Value-generation more important than hierarchy: This is one debate I have fought for long and will continue fighting till I walk. I’ve always believed in recalibrating organisational structures away from ‘circles of power’ to ‘circles of influence’. Enterprise 2.0 is all about value centricity wherein hierarchies based on power are outdated. If you are an individual creating a huge amount of value for the customers, the organisational pyramid will naturally tilt towards you. The ‘Employees First, Customers Second’ philosophy is built on this very foundation. Thus you may be better off planning how you would create more value each day, rather than how will you manage value. A leader creates value; a manager just helps count it.

ATTITUDINAL SHIFT

Curiosity more important than experience: Have you ever wondered why a kid first tries to break a toy before playing with it? It is because of the God-given gift of curiosity; one which we forget over years of learning.

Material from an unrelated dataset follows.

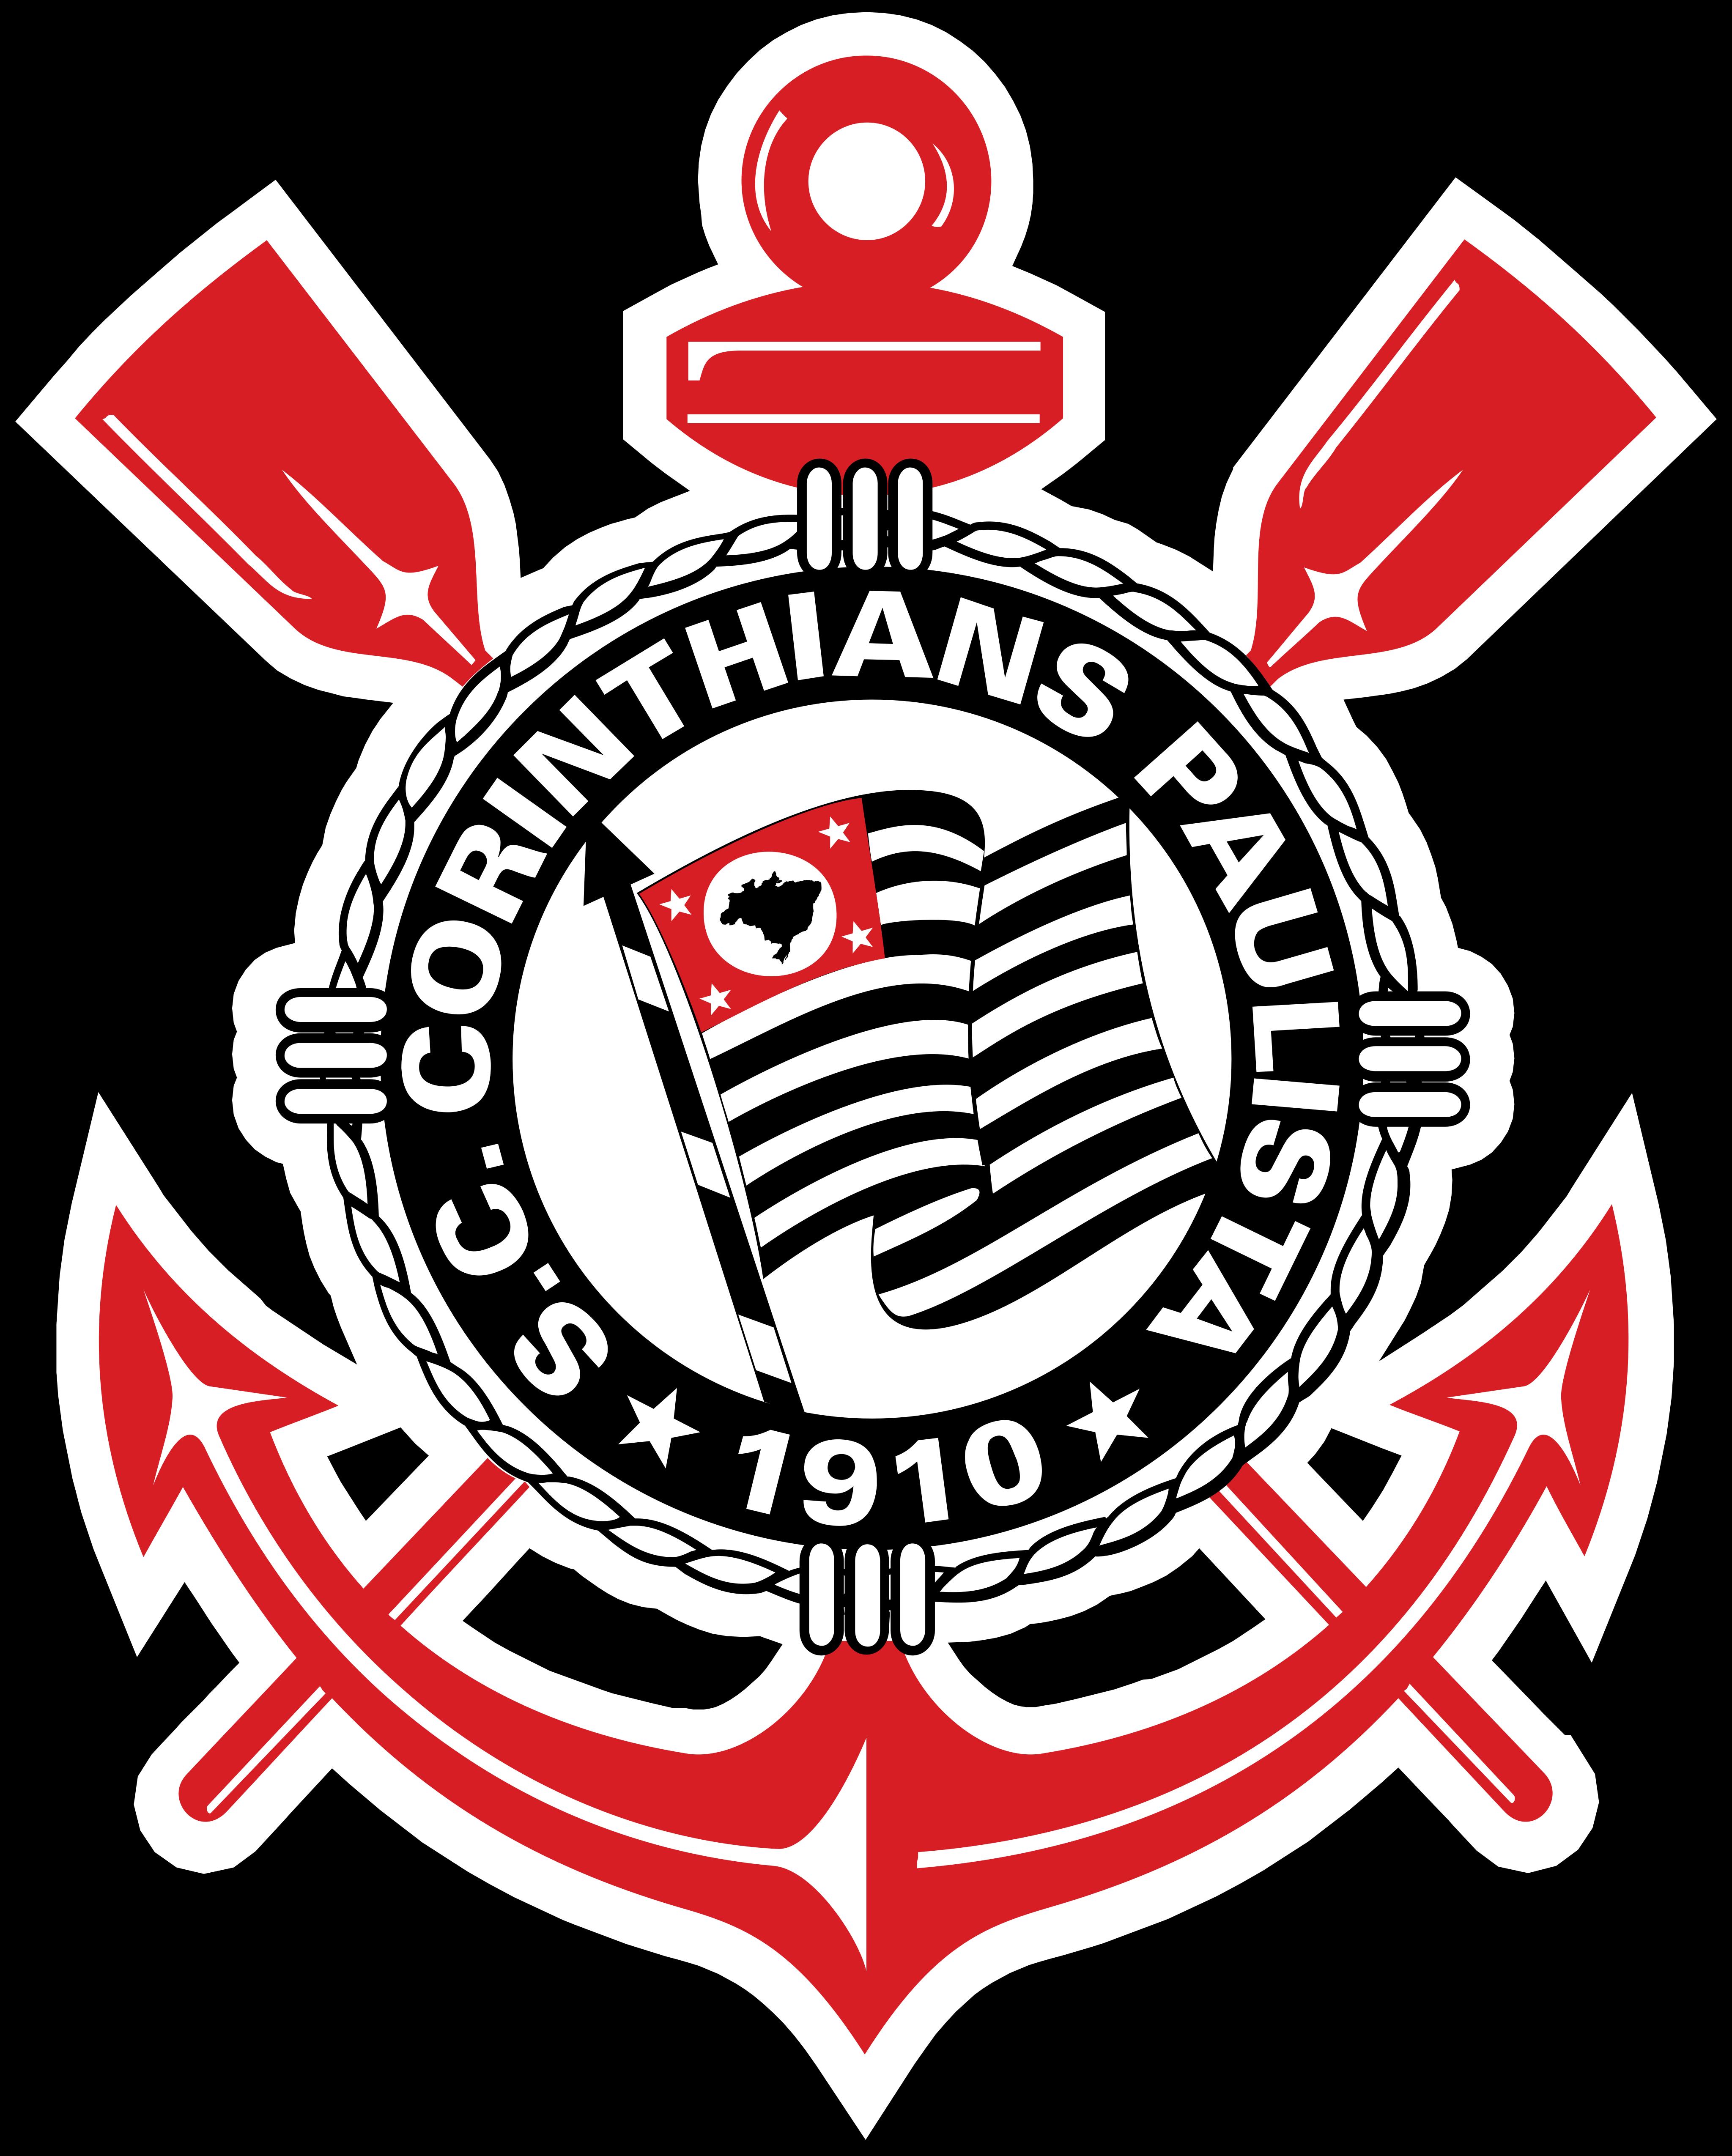 corinthians logo 01 - Corinthians Logo - Escudo
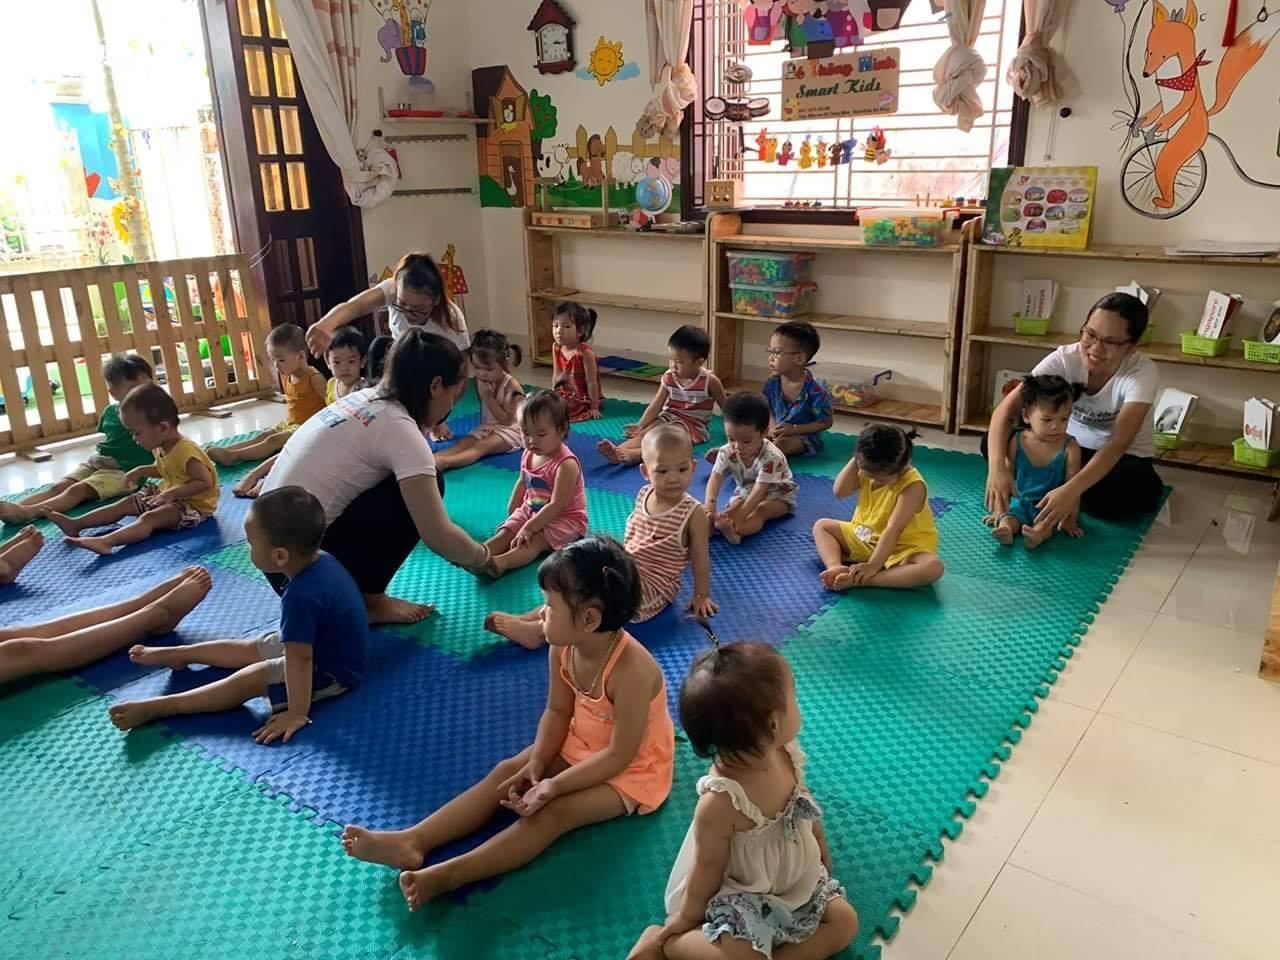 Trường mầm non Bé Thông Minh ( Smartkids ) - Nguyễn Nhàn

A recent study published in Perspectives in Psychological Science journal found that curiosity and conscientiousness are predicative of long-term academic and professional performance.

No wonder then, being curious is now believed to be an important trait in the job market. Hiring Executives are not just looking for someone who has mastered a single skill over many years, but instead for someone who has the innate curiosity to explore new challenges.

In today’s new normal with such rapidly changing contours, curiosity is indeed more important than the fat file of experience, as roles and responsibilities change dynamically. Just the other day, I was reading an article on how, for example, journalism is going through a sea change.

As compared to the sole focus on writing and editing in the past, “Journalists today need new skills such as data mining and scraping, interactive and multimedia storytelling and reliance on social media and mobile phones to inform and engage audience”, it said. With such rapid changes only an individual who is curious and willing to learn new things will be ahead of the rest.

Becoming a high performance leader is no rocket science. It just takes a few important skills and some positive personality traits. Folktales and legends are full of stories like tortoise and the hare, David and Goliath etc. where an individual who had all the worthy skills by the book was overtaken by a so-called underdog.

Corporate corridors are also full of such tales. All you need is a big dream and a stone-strong conviction.

To end, I would like to mention what one of my all-time favourite movies, Pursuit of Happiness, basically says – ‘don’t ever let somebody say you can’t do something…not even your boss…. People can't do something themselves, they will tell you, you can't do it.’

If you want something, go get it. Period.

(The author is founder, Sampark Foundation and Vice-Chairman, HCL Technologies.)